§ Work to be completed: Below is a listing; print exactly its lines from the one containing "Opplakbare demonen hoorntjes" down to the one containing "menu for Big Fish Grill", both inclusive, with every picture left out.

§ Data under study:
◆ ◆ ◆

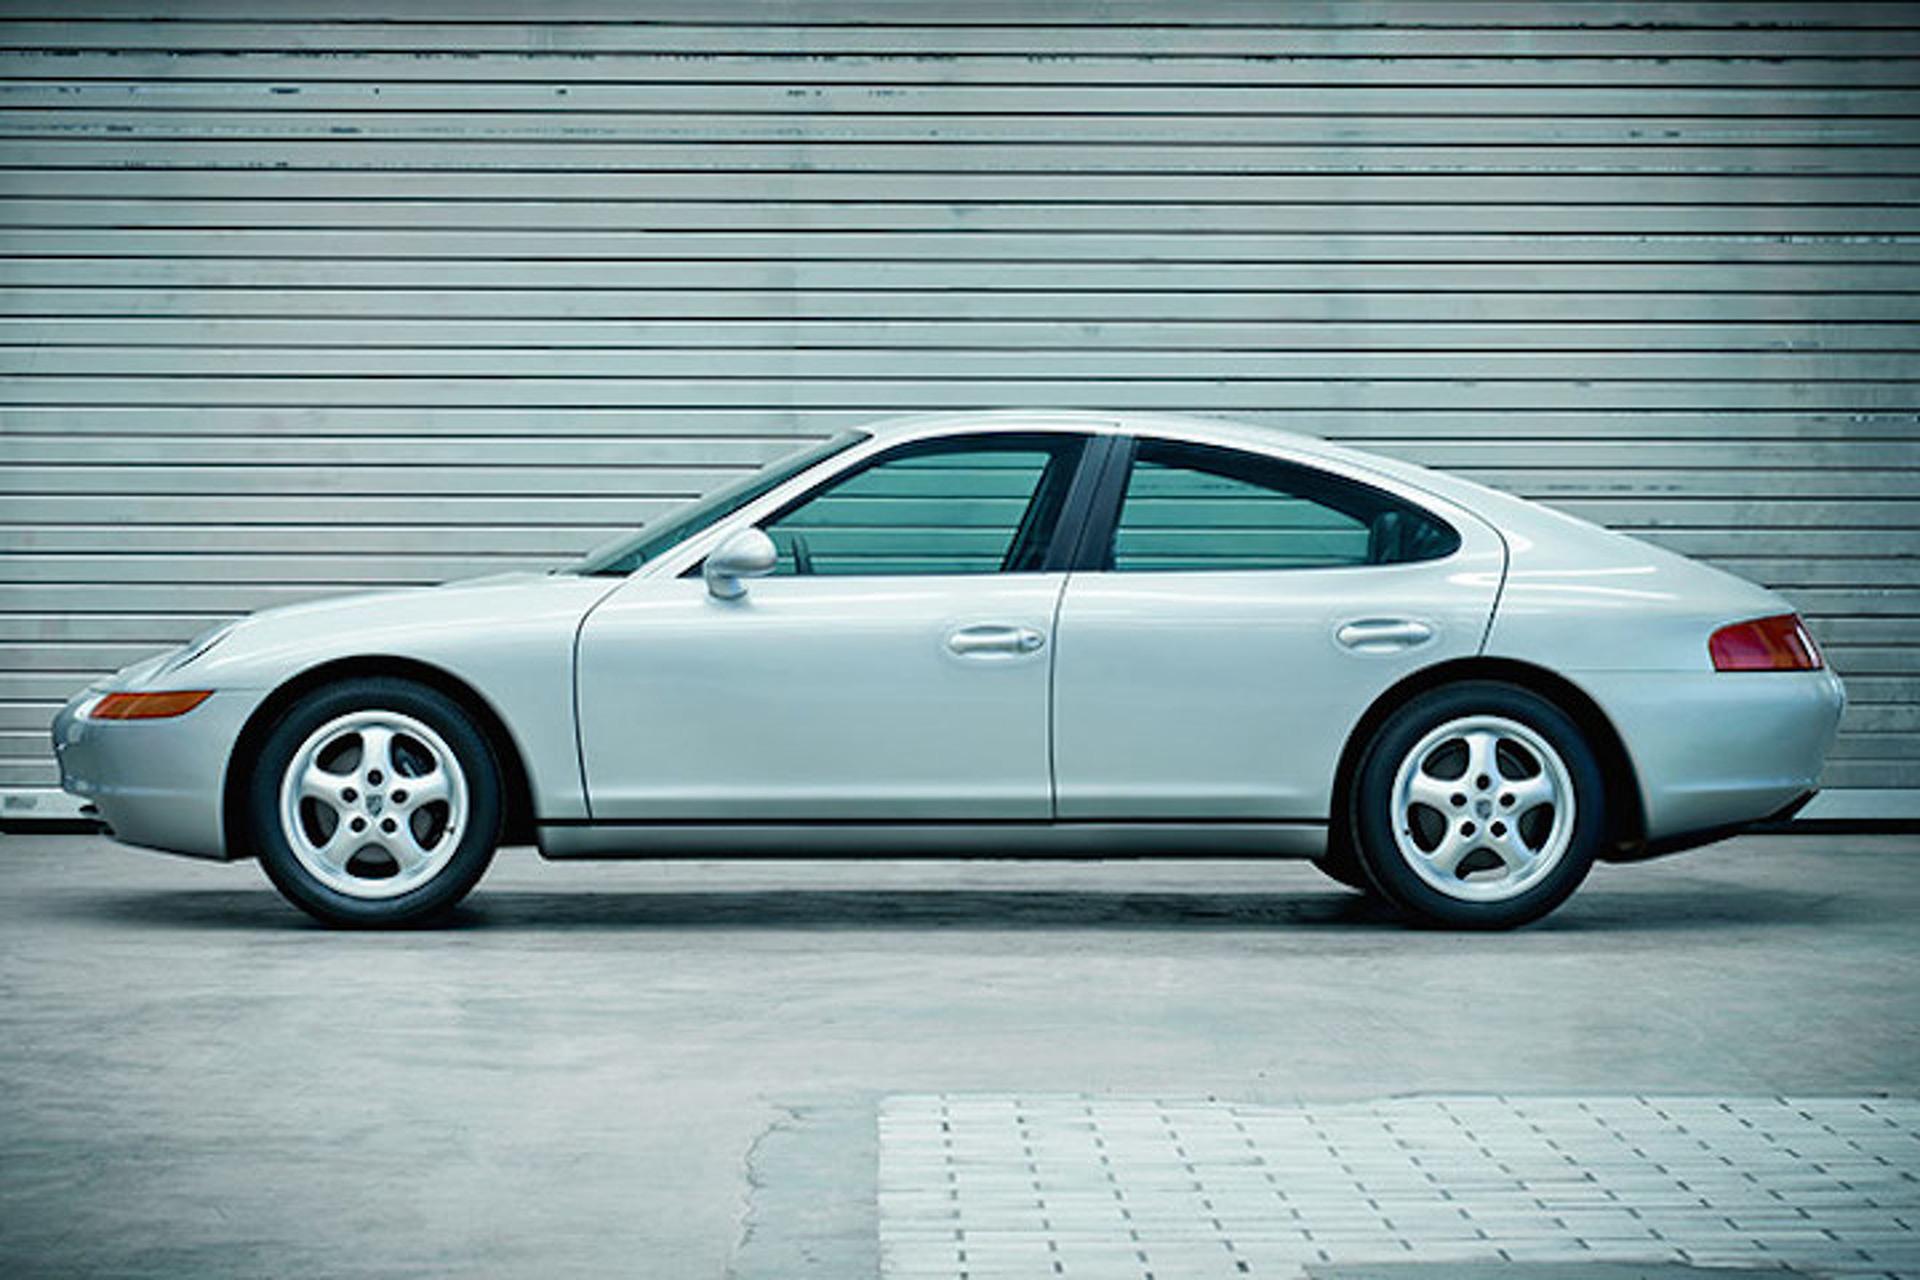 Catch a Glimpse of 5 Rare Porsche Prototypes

◆ ◆ ◆

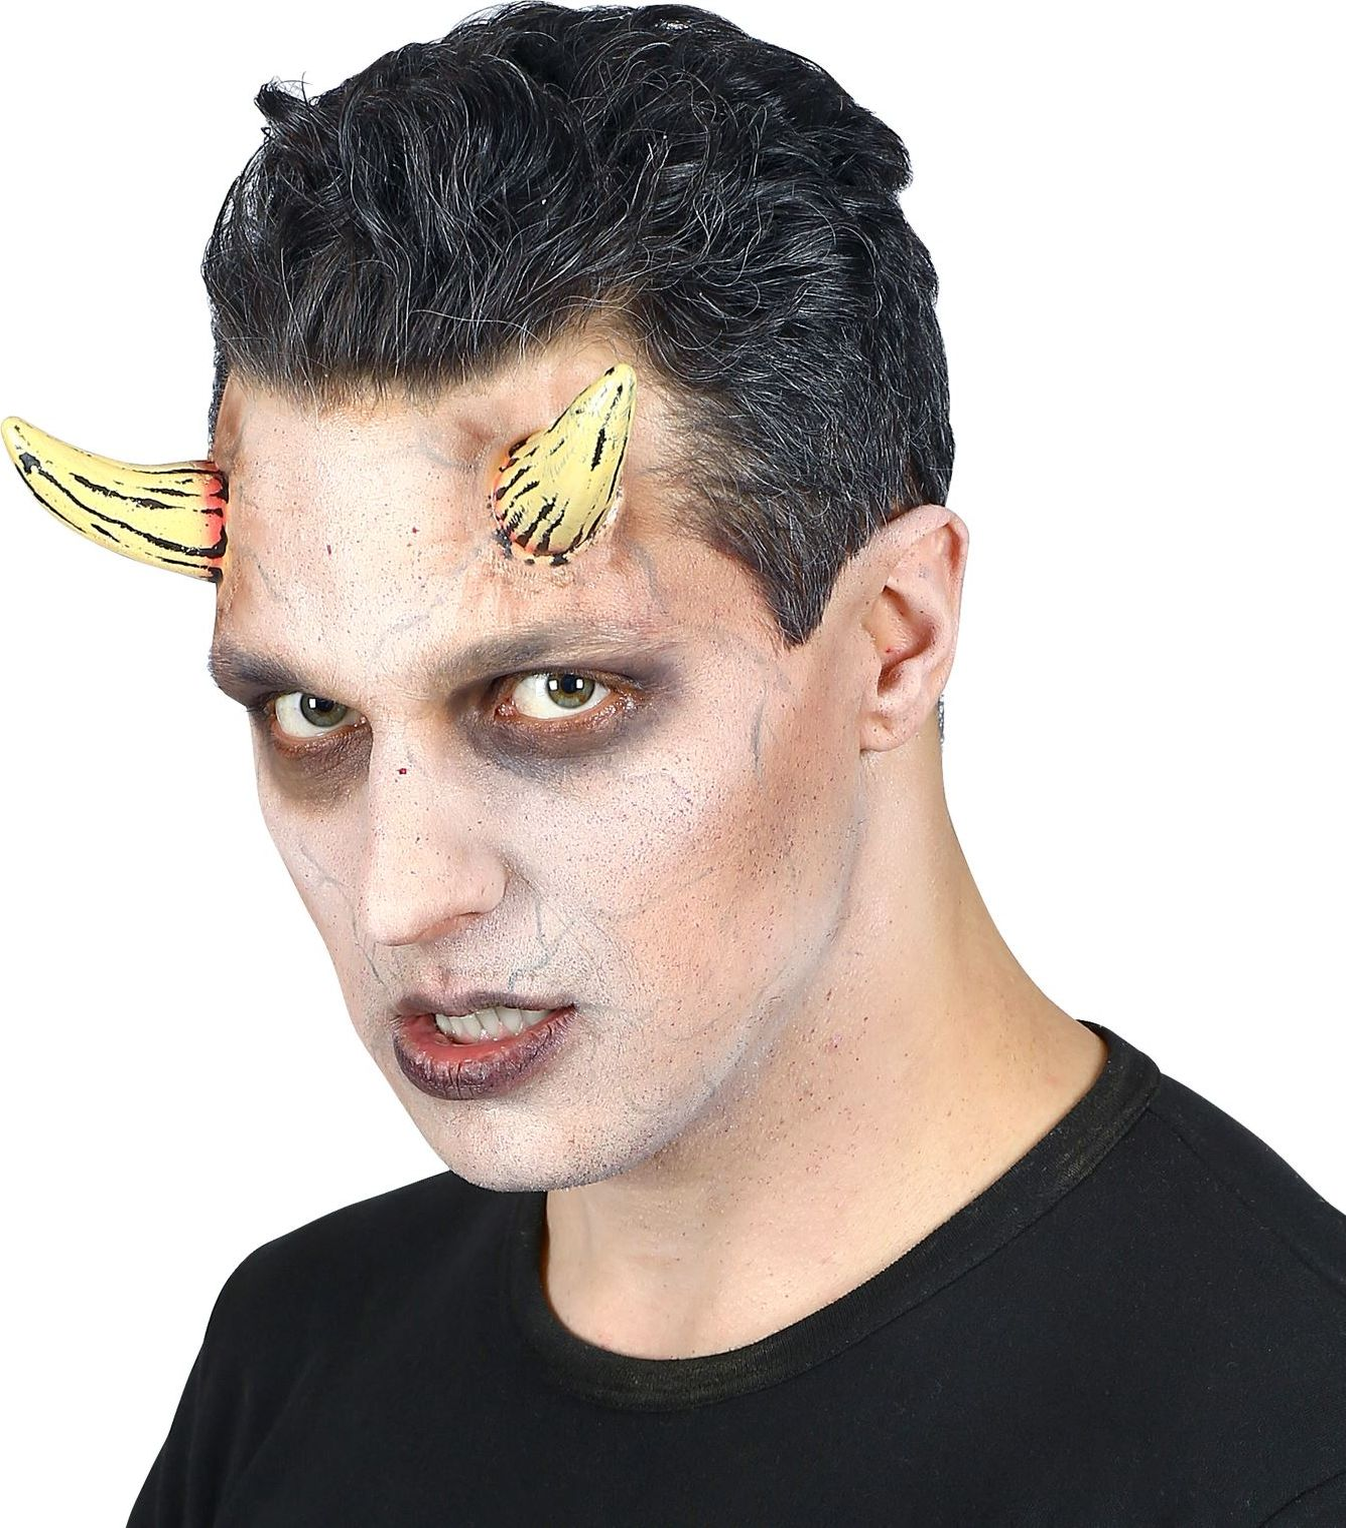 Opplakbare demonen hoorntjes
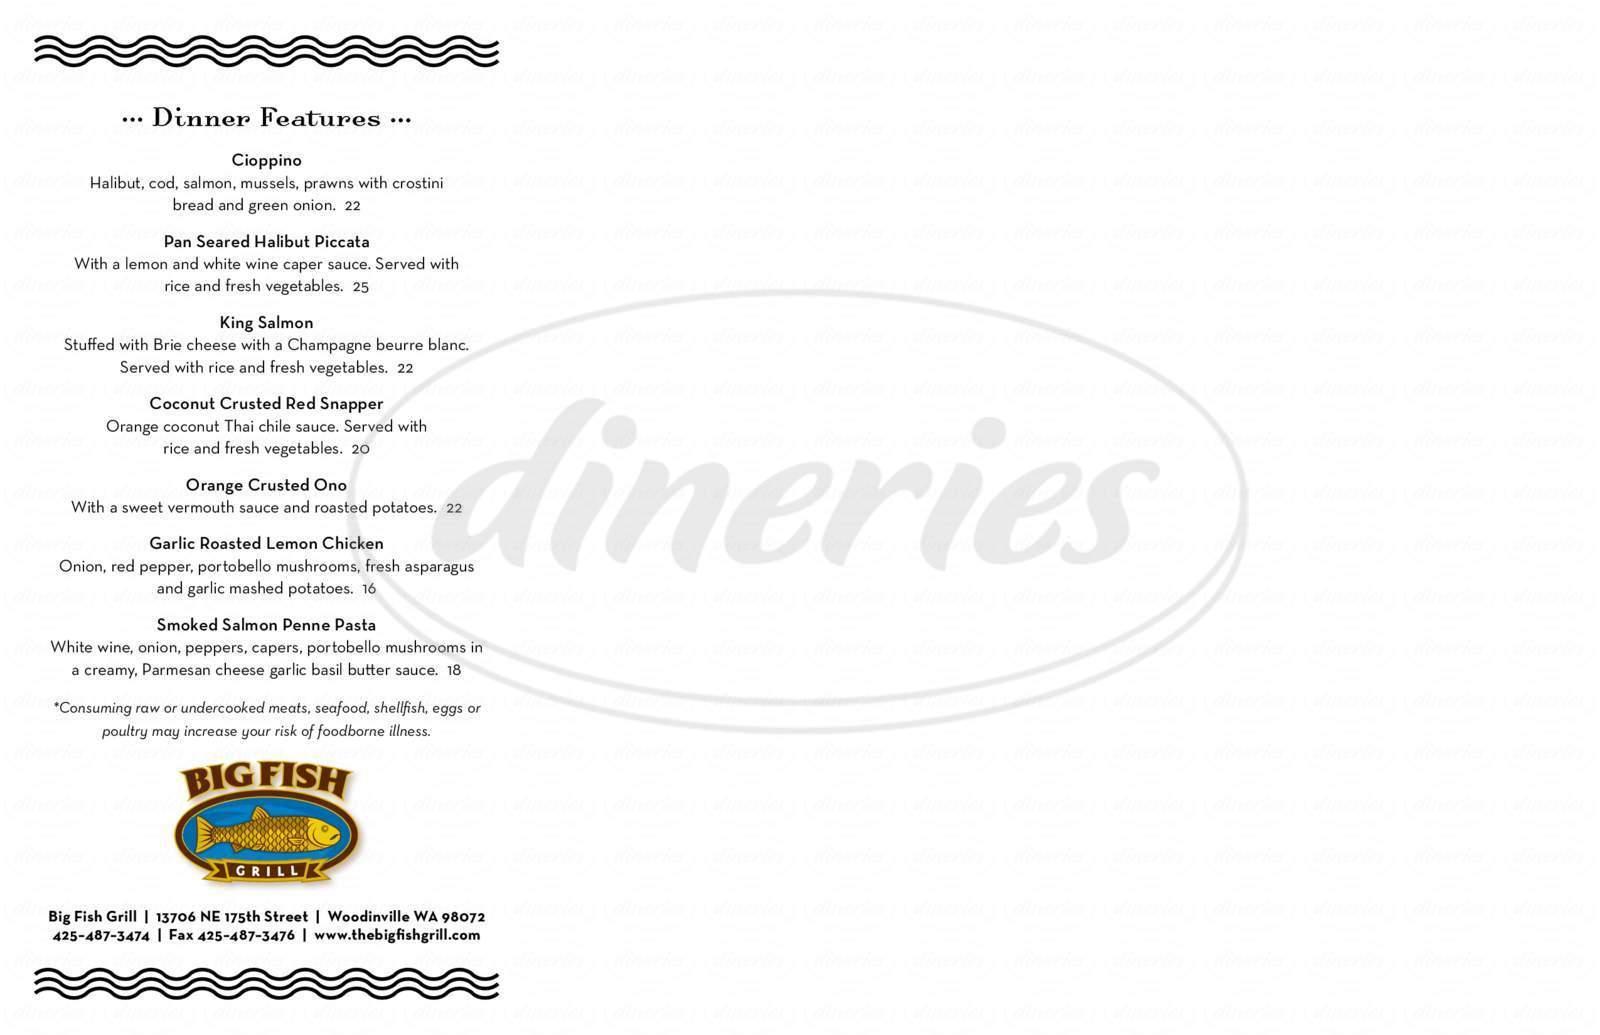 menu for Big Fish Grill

◆ ◆ ◆

§ Finished task:
 Opplakbare demonen hoorntjes
 menu for Big Fish Grill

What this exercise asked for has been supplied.